Agonopterix trimenella

Scientific classification
- Kingdom: Animalia
- Phylum: Arthropoda
- Clade: Pancrustacea
- Class: Insecta
- Order: Lepidoptera
- Family: Depressariidae
- Genus: Agonopterix
- Species: A. trimenella
- Binomial name: Agonopterix trimenella (Walsingham, 1881)
- Synonyms: Depressaria trimenella Walsingham, 1881;

= Agonopterix trimenella =

- Authority: (Walsingham, 1881)
- Synonyms: Depressaria trimenella Walsingham, 1881

Species of moth

Agonopterix trimenella is a moth in the family Depressariidae. It was described by Thomas de Grey, 6th Baron Walsingham, in 1881. It is found in South Africa.

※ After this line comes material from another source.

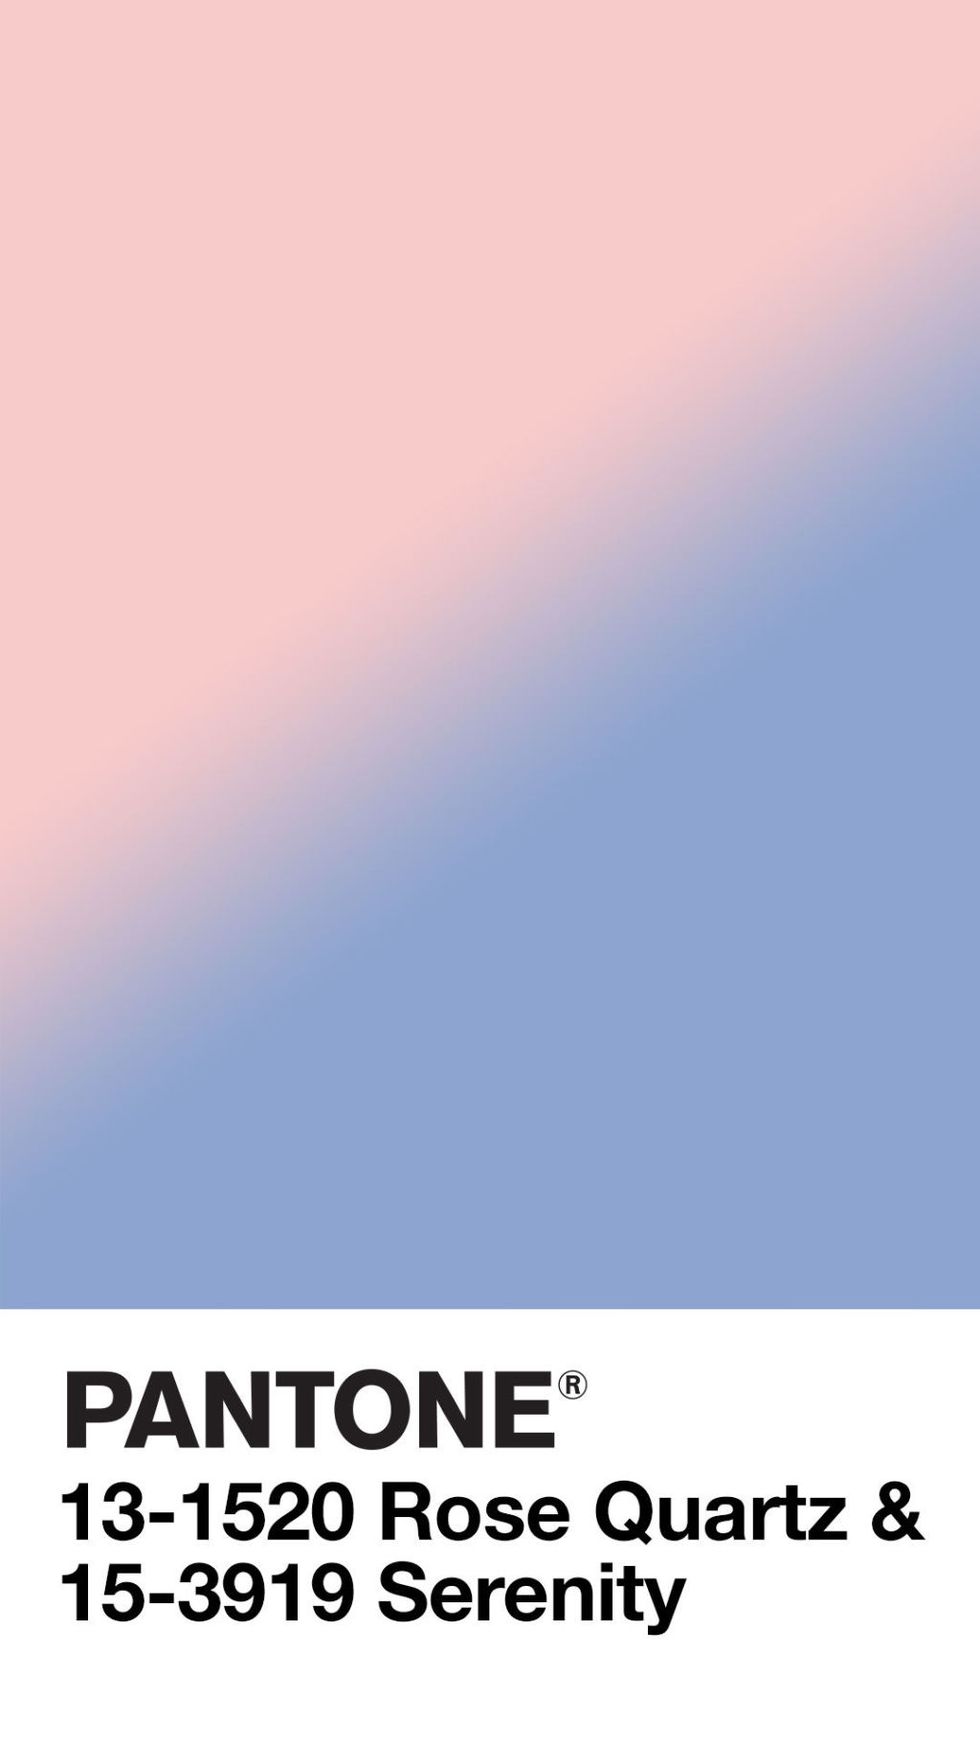 <p>In 2016 werden er voor het eerst twee kleuren verkozen tot Color of the Year. De roze en blauwe tint zorgden samen voor zowel connectie en welzijn als rust –<span class="redactor-invisible-space"></span> een verwijzing naar de onrust in de wereld met het oog op terrorisme, maar ook vanwege de opkomende <em data-redactor-tag="em" data-verified="redactor">gender blur</em>.</p>
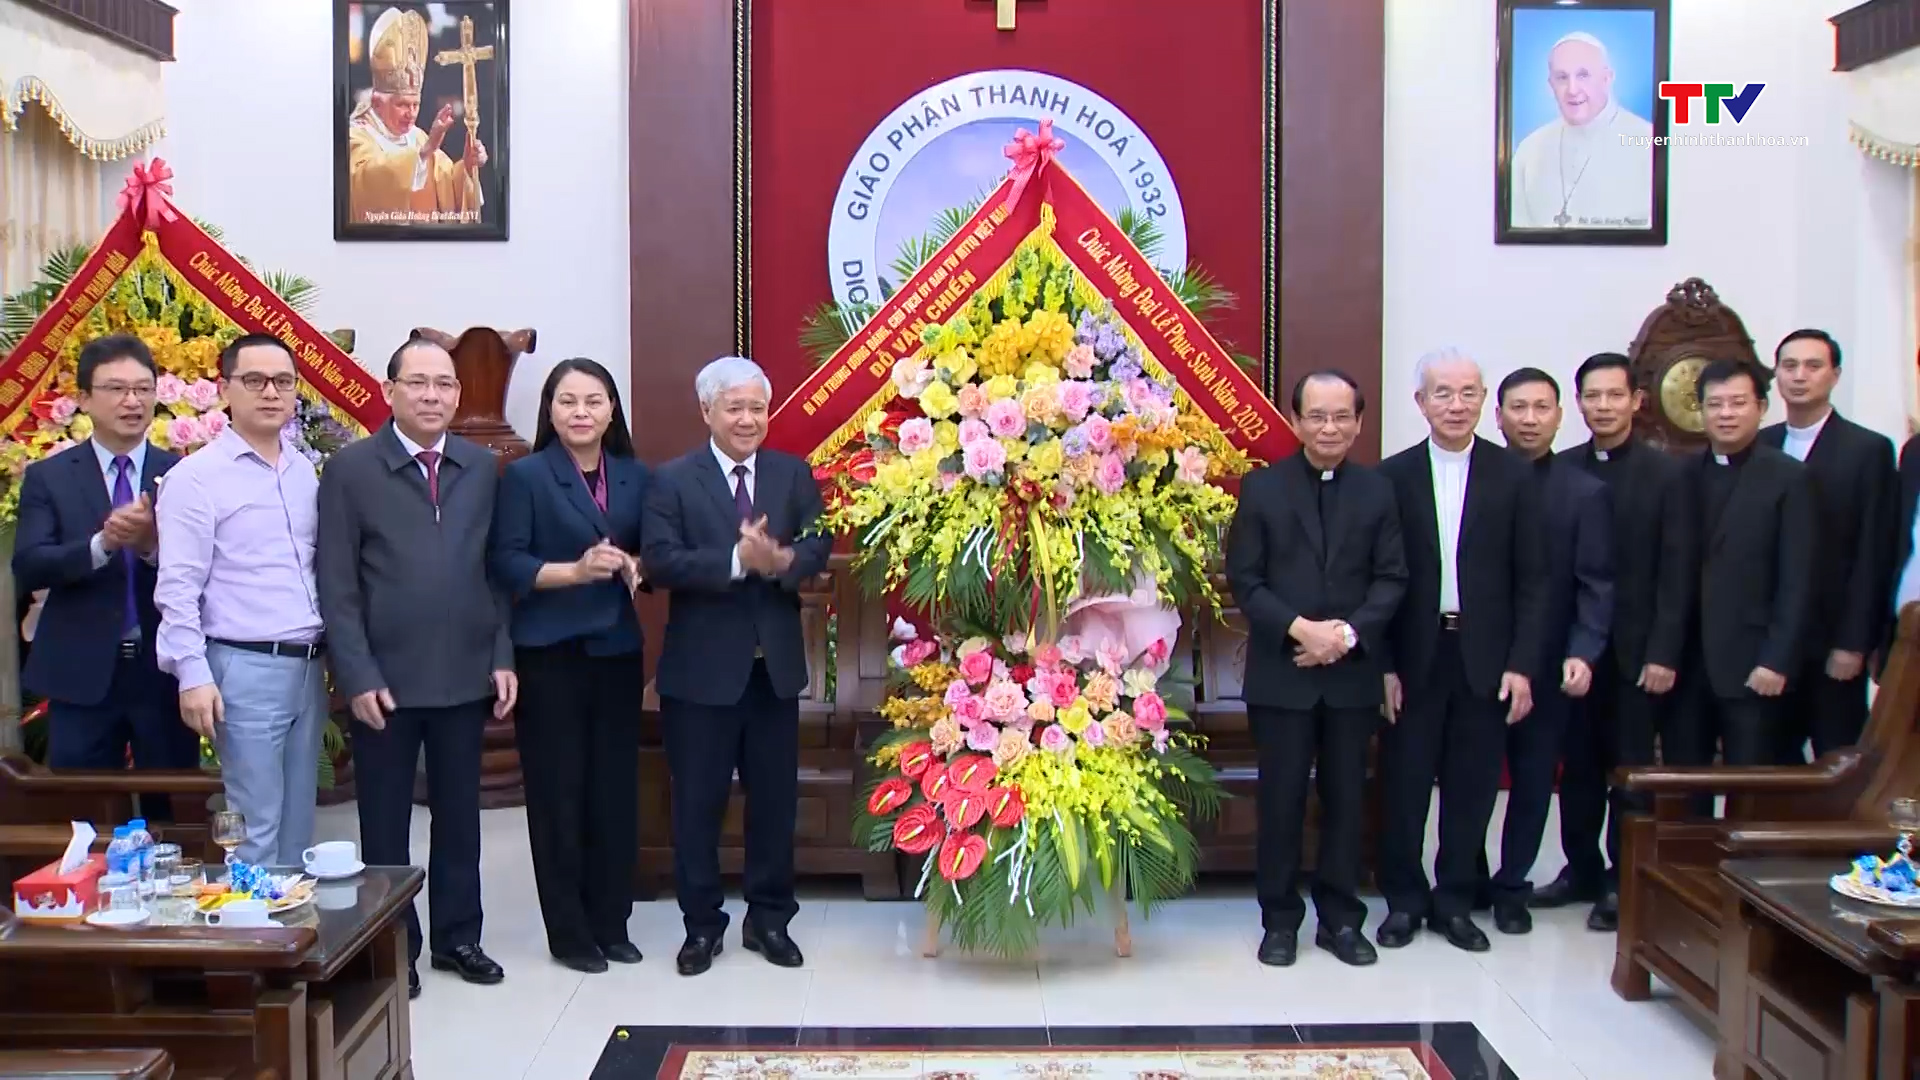 Lãnh đạo Ủy ban Trung ương Mặt trận tổ quốc Việt Nam và lãnh đạo tỉnh chúc mừng Tòa giám mục Thanh Hóa - Ảnh 2.

The wingspan is 11–20 mm. The forewings are pale ochreous, partly suffused with a pale brownish shade, especially on the lower half of the wing
before the middle, at the extreme end of the cell, and immediately above the anal angle. There is a large blackish patch, starting at the middle of the costa, continued more than half-way to the apex, extending nearly half across the wing, where it ends at its inner angle in a conspicuous black spot, preceded by some detached black scales. Before this patch are three or four blackish spots on the costa, other smaller ones being distributed
around the apical margin. The hindwings are pale cinereous.